● Exercise prompt
Take the listing below and output it exactly, with no images.

● Record set
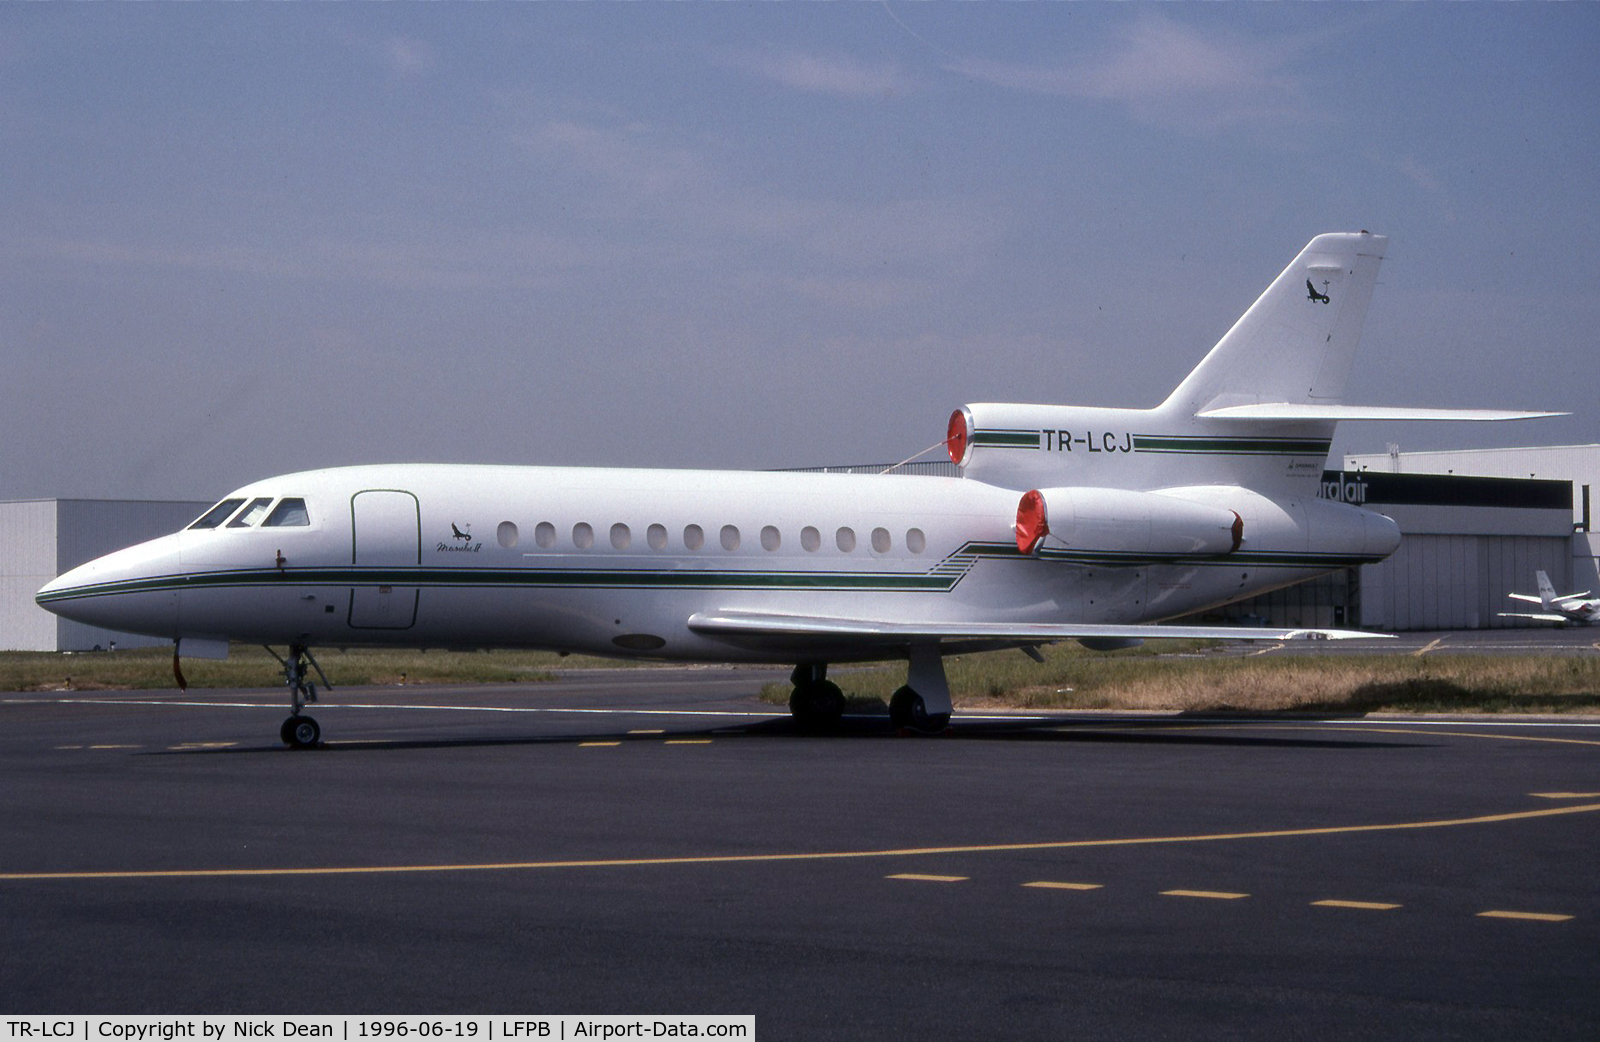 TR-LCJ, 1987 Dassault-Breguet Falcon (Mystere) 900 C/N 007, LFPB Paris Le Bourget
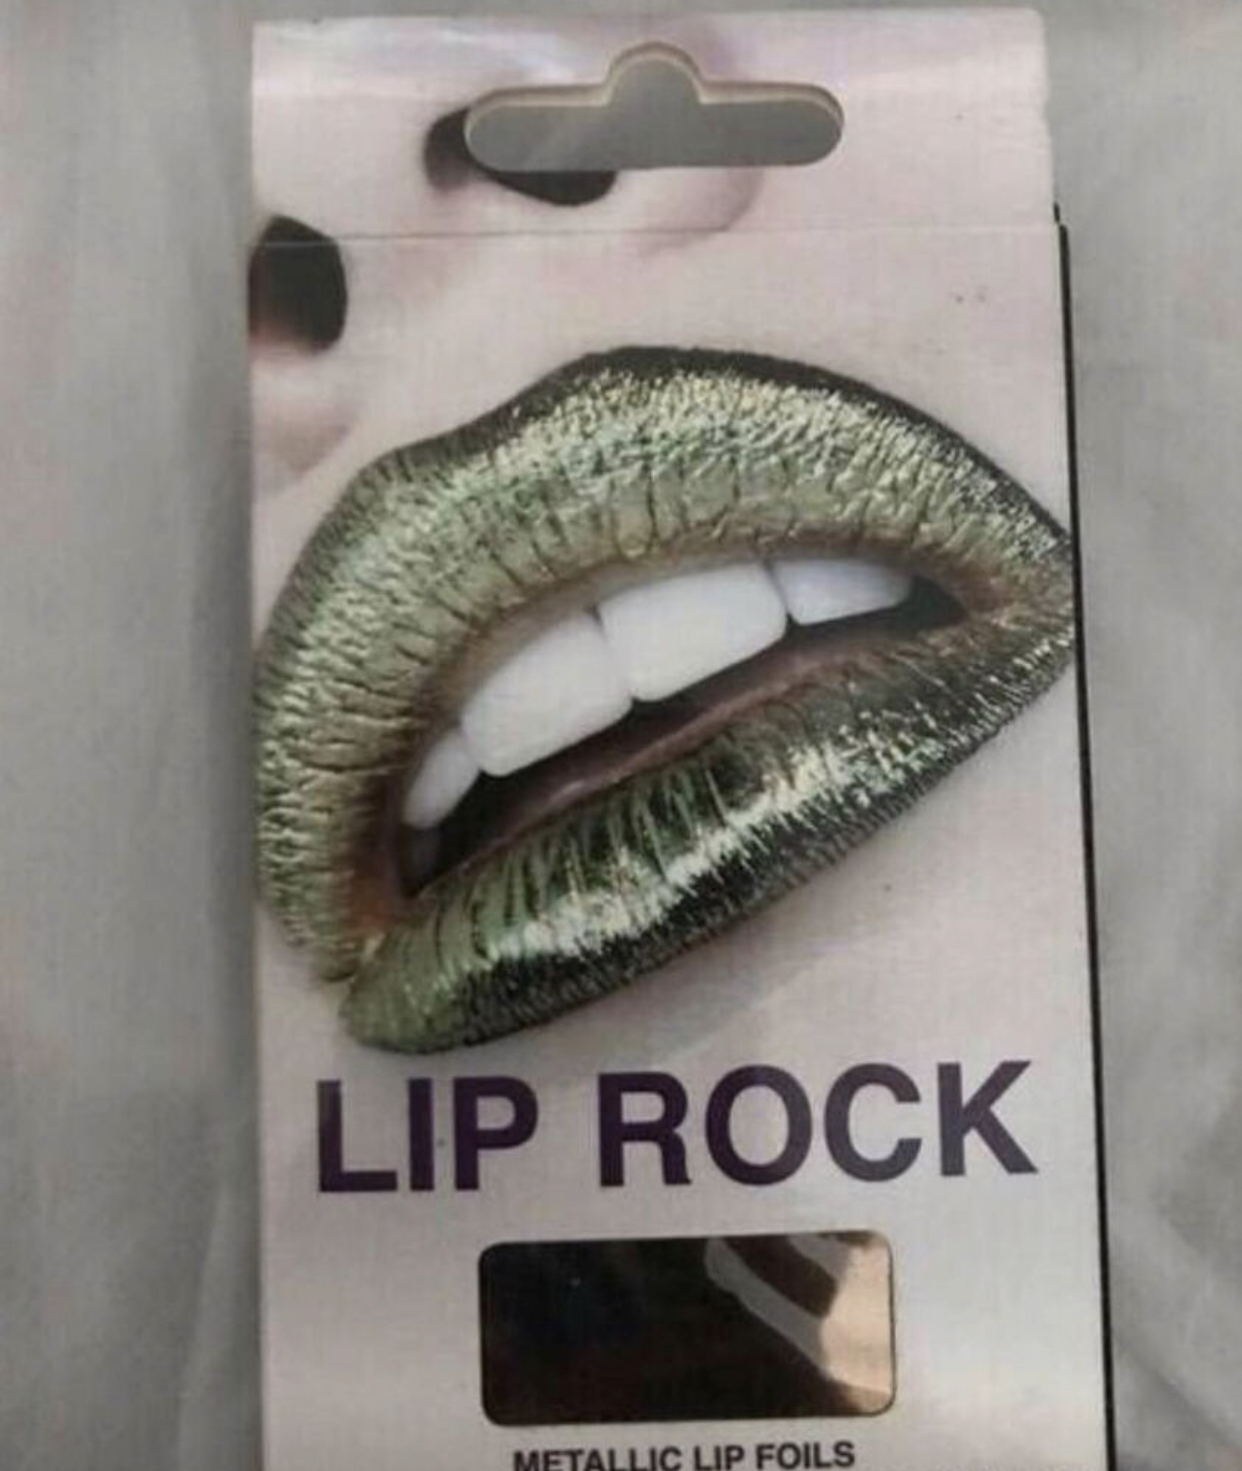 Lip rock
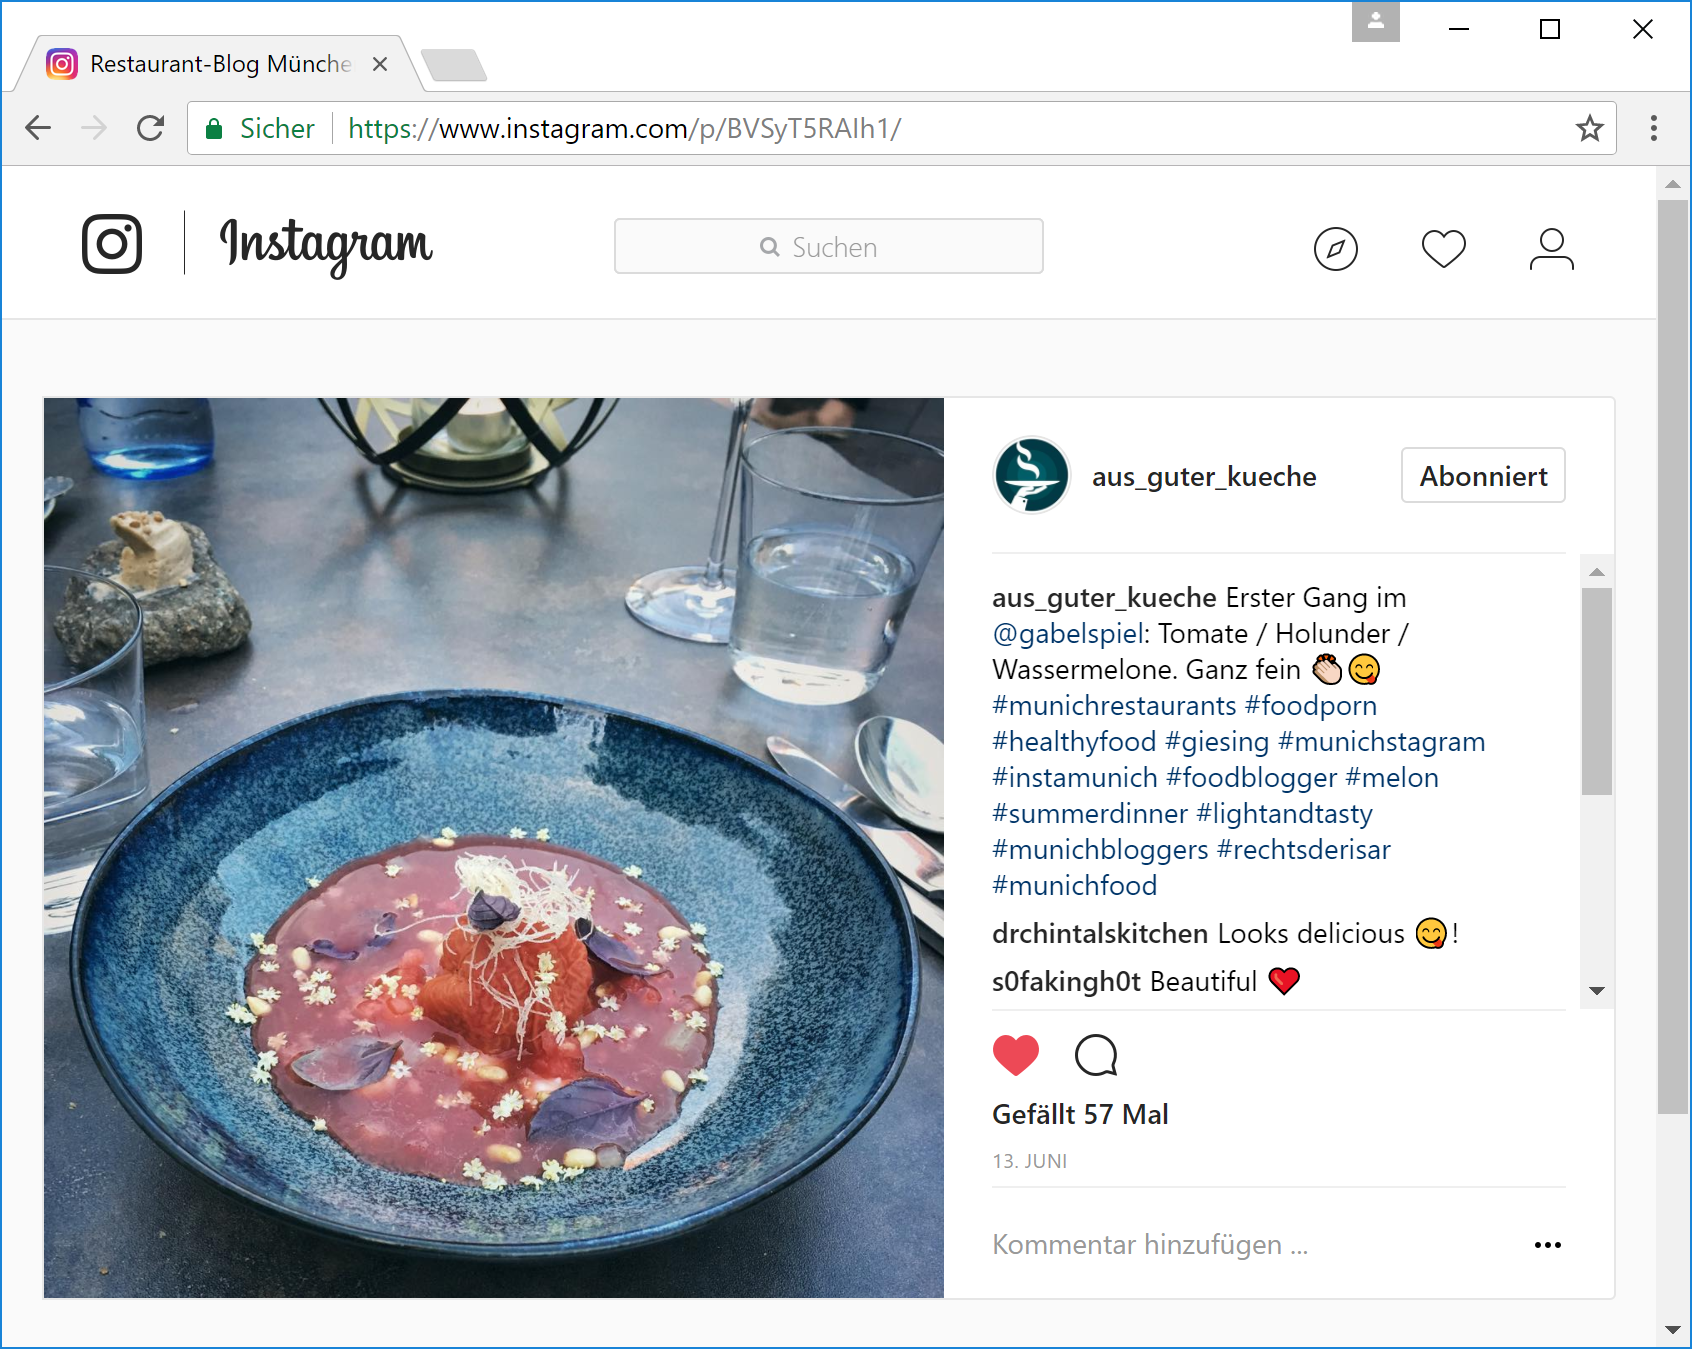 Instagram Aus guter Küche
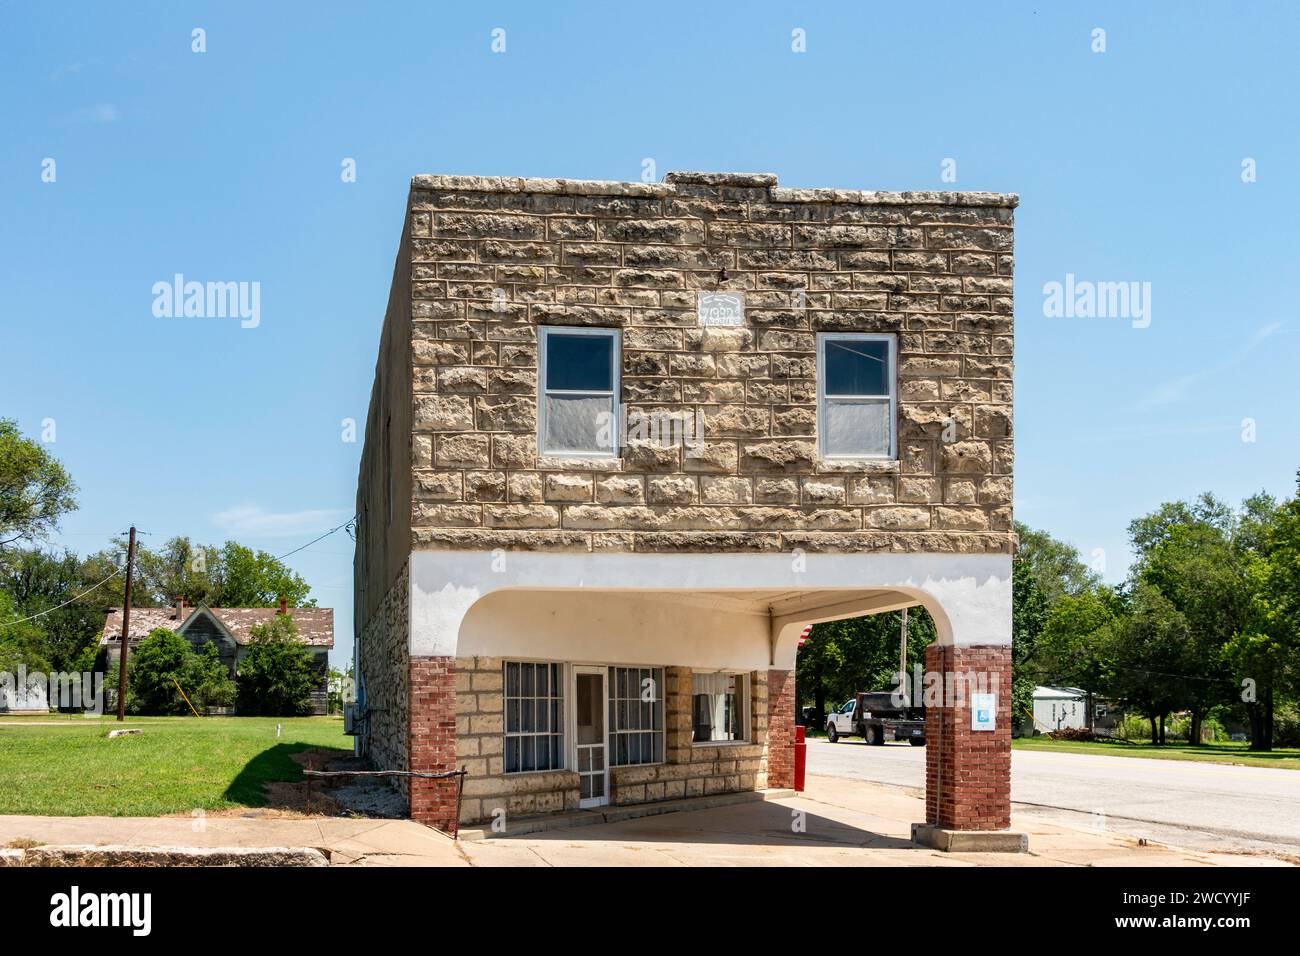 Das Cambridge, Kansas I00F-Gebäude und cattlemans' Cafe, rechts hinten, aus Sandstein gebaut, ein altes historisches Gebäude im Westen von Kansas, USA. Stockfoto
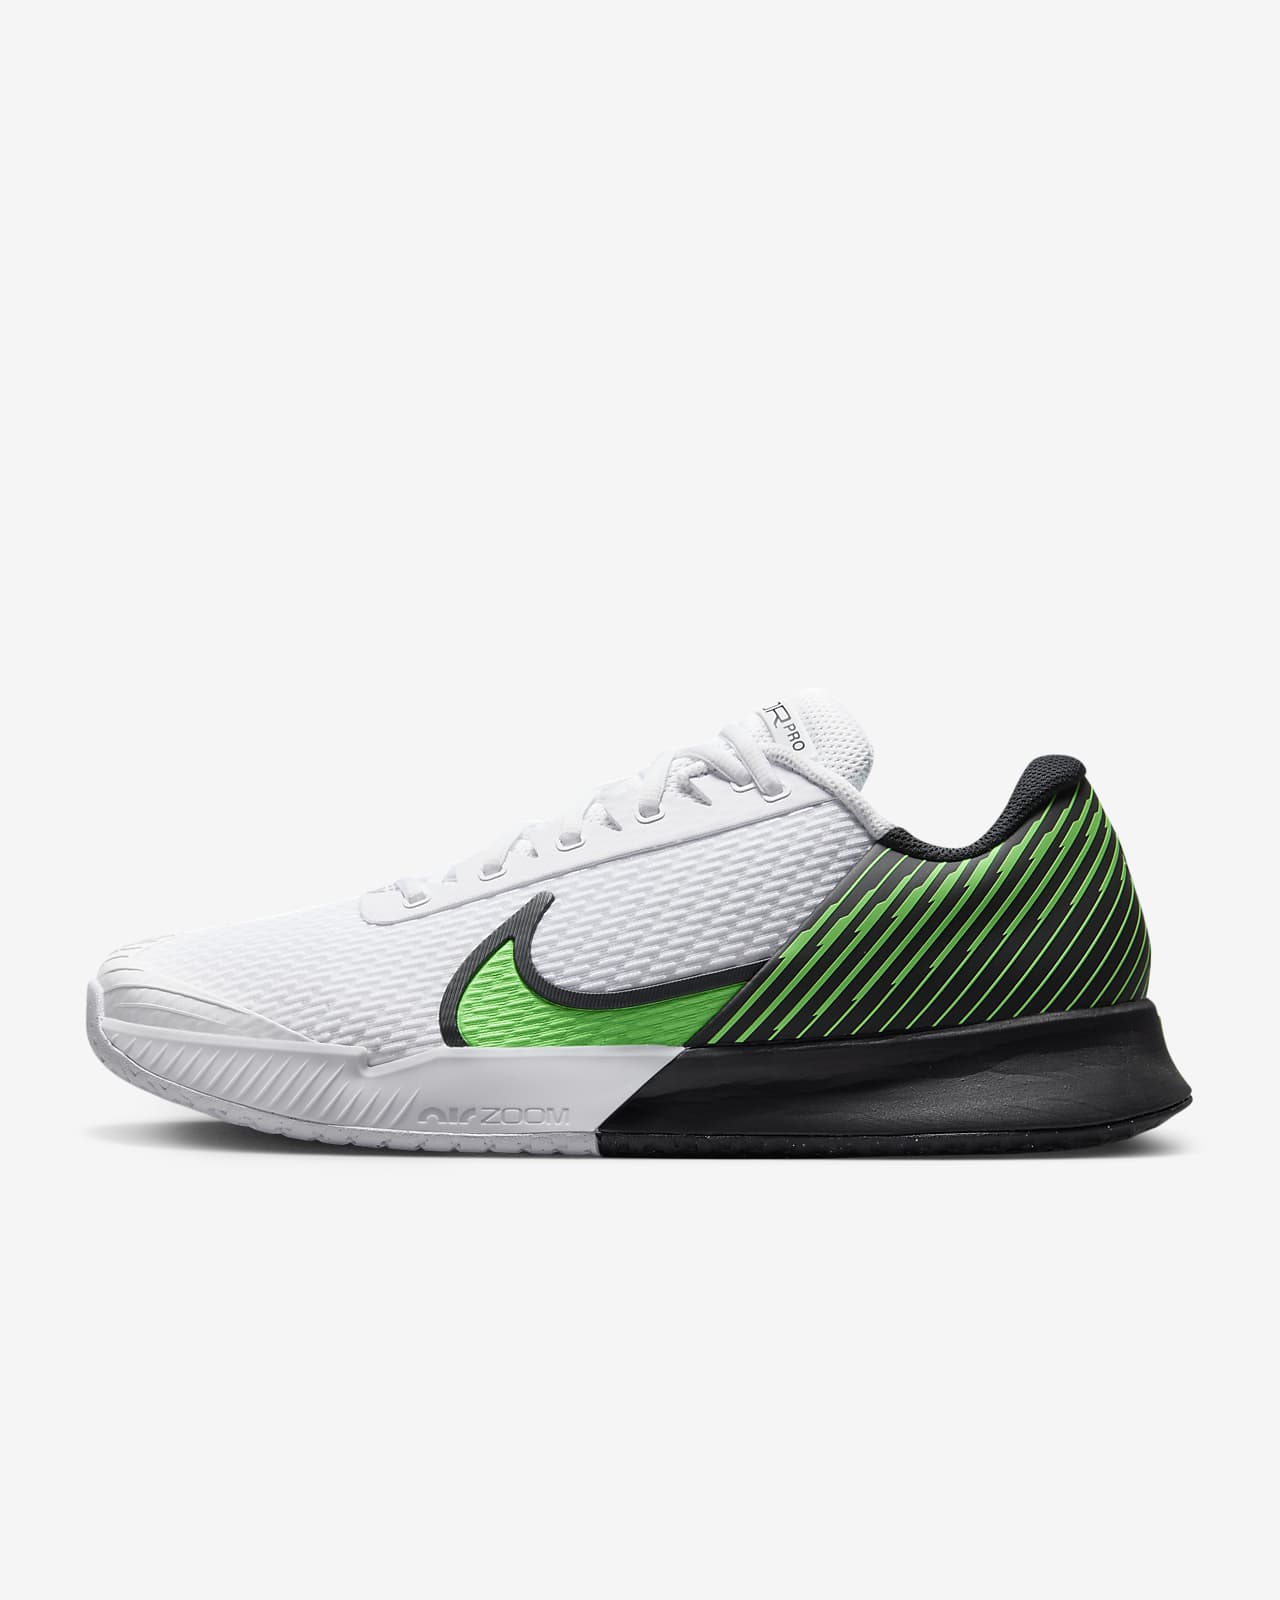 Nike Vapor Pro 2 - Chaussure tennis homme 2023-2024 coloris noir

● Response
 TR-LCJ, 1987 Dassault-Breguet Falcon (Mystere) 900 C/N 007, LFPB Paris Le Bourget
 Lip rock
 Instagram Aus guter Küche
 Das Cambridge, Kansas I00F-Gebäude und cattlemans' Cafe, rechts hinten, aus Sandstein gebaut, ein altes historisches Gebäude im Westen von Kansas, USA. Stockfoto
 Nike Vapor Pro 2 - Chaussure tennis homme 2023-2024 coloris noir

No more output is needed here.